Original Research Paper

Beyond Partnerships with Parents in Early Childhood Education: A Legacy of Adult Experiential Learning in Playcentres

Chris Jenkin and Sue Stover (AUT), Diti Hill-Denee (University of Auckland) and Robyn Reid


Within early childhood education, the role of parents is a contested space. While collaborative relationships are emphasised as part of the curriculum, the structure of most early childhood services positions parents as ‘consumers’ who buy a ‘product’ or commodified service that they do not make themselves. In the case of early childhood education, they are purchasing the ‘care and education’ of their children. In New Zealand, this has not always been the case. This article is based on a recent qualitative study that the authors conducted through semi-structured interviews with participants who attended Playcentre with their children and subsequently developed careers in early childhood programmes in tertiary institutions. The findings showed that sustained parent participation in early childhood settings produced experiential learning that led to new career trajectories for them as individuals. While all the participants in the study had deep involvement in the parent co-operative Playcentre, opportunities for parents to learn through shared responsibility in early childhood were not unusual. A historic review of the role of parents in early childhood settings shows that major changes occurred in 1990 throughout the sector with the introduction of the first national standardised ‘quality’ indicators set by governments.
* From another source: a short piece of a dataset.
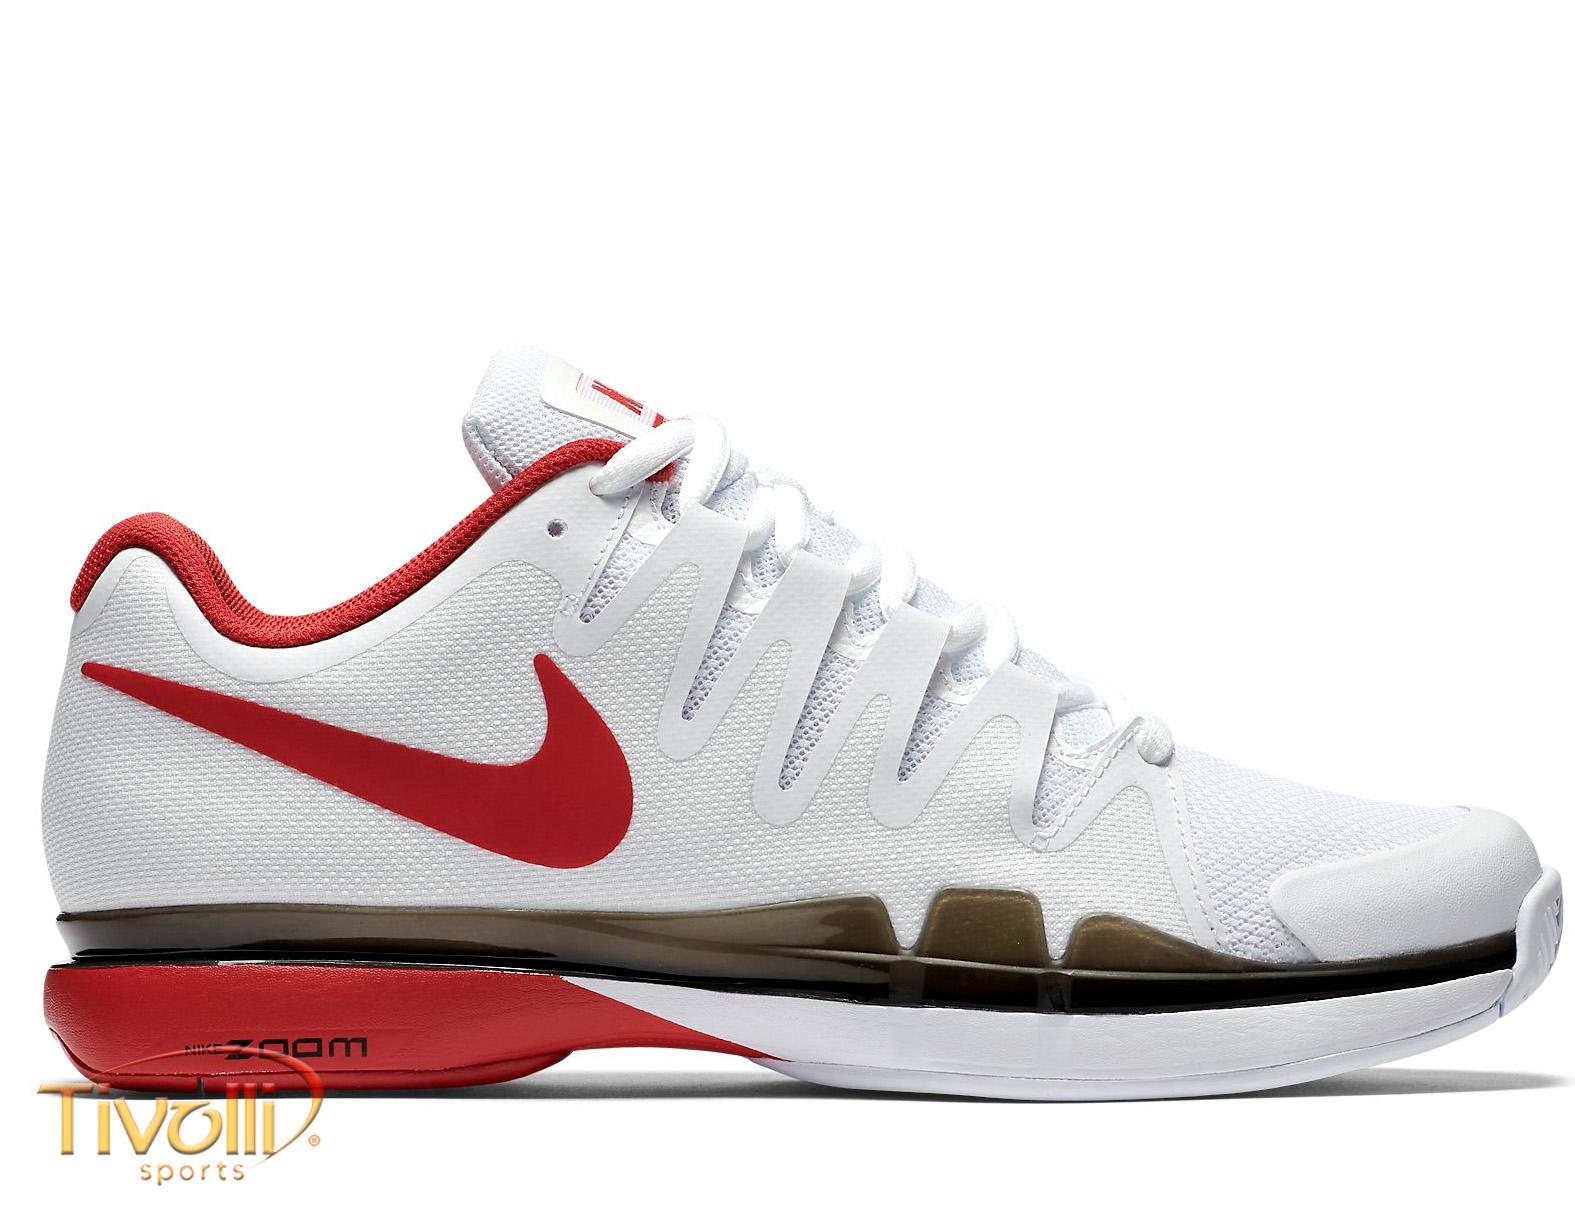 262017ba559ca Tênis Nike Zoom Vapor 9.5 Tour   Masculino Branco e Vermelho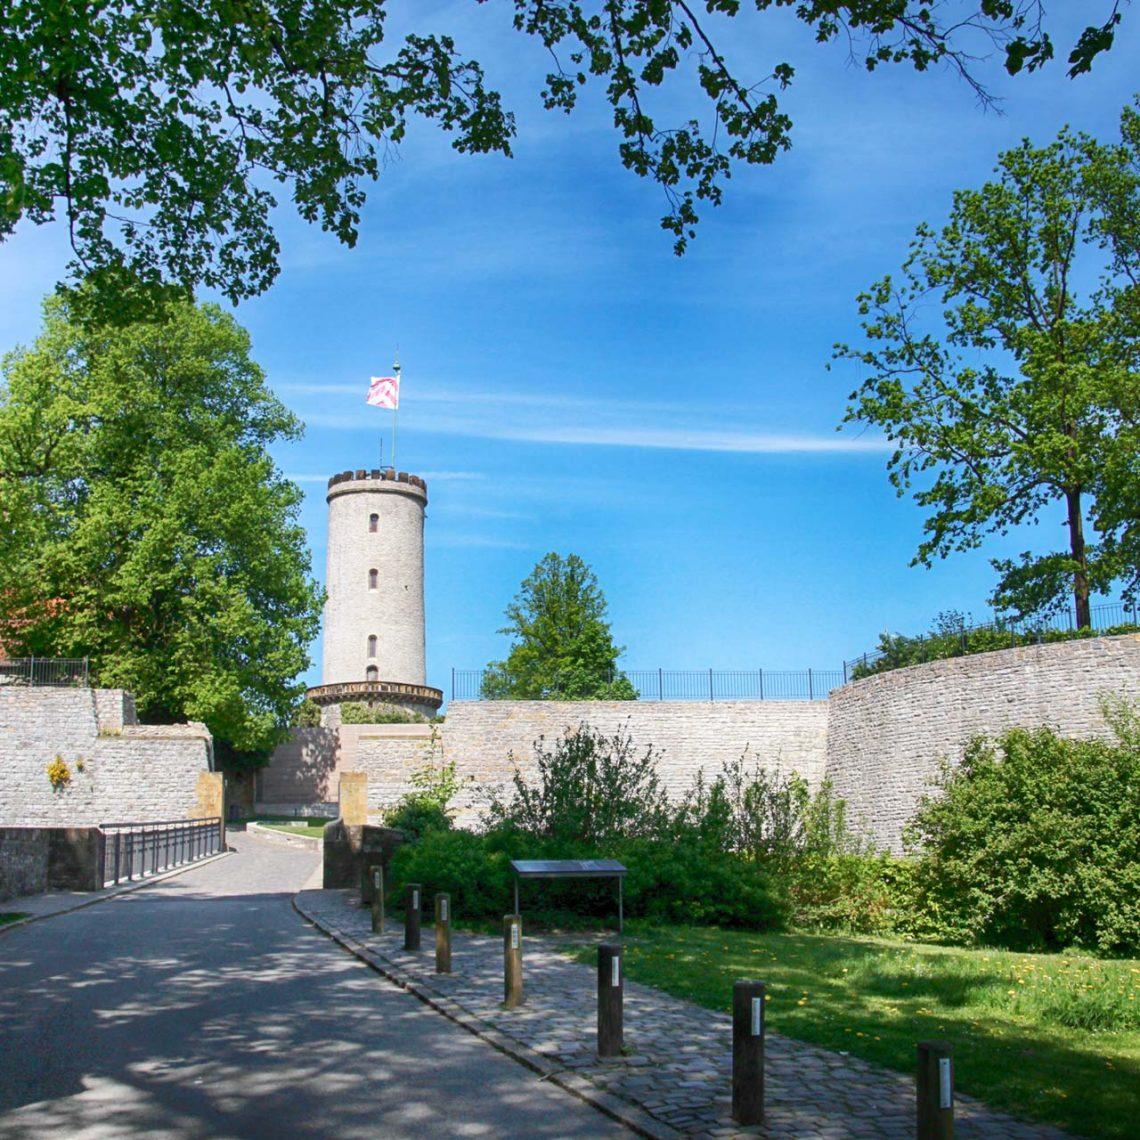 Voller Vorfreude erklimme ich den kurzen Aufstieg zur Burg Sparrenberg und erfreue mich an liebevoll restaurierten Gemäuern.

Subsequent policy documents have reinforced the importance of respectful collaborative relationships between parents and teachers. However, looking back at their years in Playcentre, the participants in this research recognised that working in partnership with other parents was a key driver for them as adult learners. Sharing responsibilities with other parents – adult learners alongside very young child learners – led them into new capabilities and shaped their approach to their subsequent careers in early childhood teacher education.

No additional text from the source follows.